Abstract
Purpose:
Given the cellular consequences of bisretinoid lipofuscin accumulation in retinal pigment epithelium (RPE), efforts have been made to elucidate mechanisms by which these compounds are damaging. In in vitro assays, bisretinoid fluorophores photodegrade releasing injurious aldehydes and dicarbonyls. To probe for evidence of photodegradation of lipofuscin in the eye, we compared levels of bisretinoid in mice that were raised in cyclic light as opposed to darkness and compared albino versus black-eyed mice.
Methods:
Albino BALB/cJ, black C57BL/6J and albino C57BL/6c2j mice were raised in cyclic light or darkness. Bisretinoids were quantified by HPLC. All-trans, 13-cis, 9-cis-, and 11-cis-retinals were incubated with ethanolamine and analyzed by reverse phase UPLC. A2E and 11-cis-retinal were measured in eyecups from cyclic light-reared C57BL/6J or C57BL/6Jc2j mice that were dark-adapted before euthanasia.
Results:
In BALB/cJ mice, A2E formed with both cyclic-light and dark-rearing. With housing in darkness, no differences were observed in black C57BL/6 versus albino C57BL/6c2j mice. However when the mice were maintained under cyclic light, A2E levels were reduced in the albino C57BL/6c2j mice. To adjust for increased photon catch, albino mice can reduce rhodopsin content (photostasis). Accordingly, in albino mice 11-cis retinal was lower, at age 6 and 9 months, but the extent of A2E decrease in the albino was proportionally greater. Using in vitro biosynthetic assays, we compared all-trans-retinal and various cis-isomers of retinaldehyde for their ability to form the bisretinoid conjugate A2E when reacted with ethanolamine.
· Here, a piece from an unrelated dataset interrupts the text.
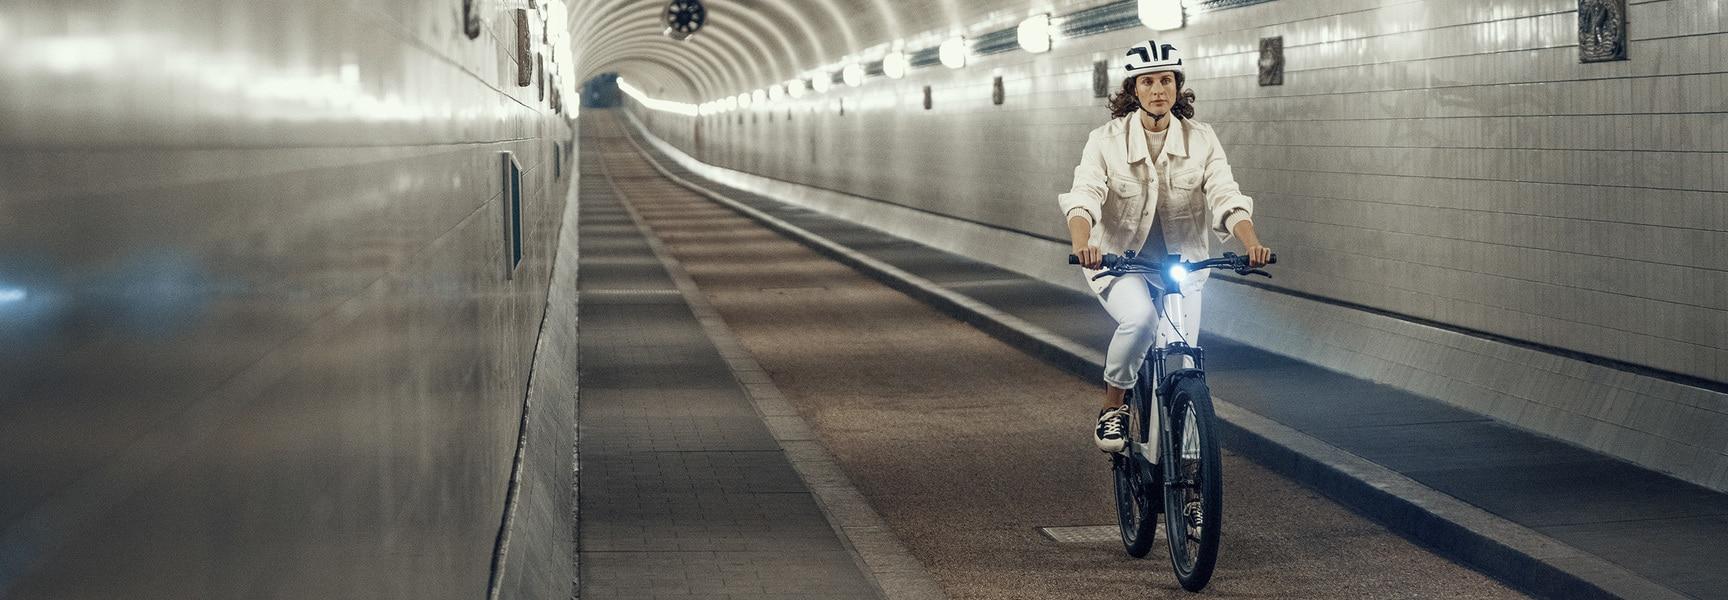 Frau auf e-Bike

The percent conversion of 11-cis-retinal to total bisretinoid was 25% lower than for all-trans and 13-cis-retinals while the 9-cis-retinal isomer afforded considerably less total bisretinoid.
Conclusions:
The albino mouse eye is exposed to more intraocular light than the melanin-expressing black eye. With dark-rearing, the presence or absence of ocular melanin had no effect on the levels of RPE bisretinoid lipofuscin. Conversely, In albino mice, cyclic light was associated with amounts of bisretinoid that were reduced relative to the levels observed when mice were housed in darkness. Photostasis cannot account for differences under cyclic light and dark-rearing, Photodegradative loss of the light-sensitive bisretinoid compounds likely explains the reduced lipofuscin levels in cyclic-light reared mice.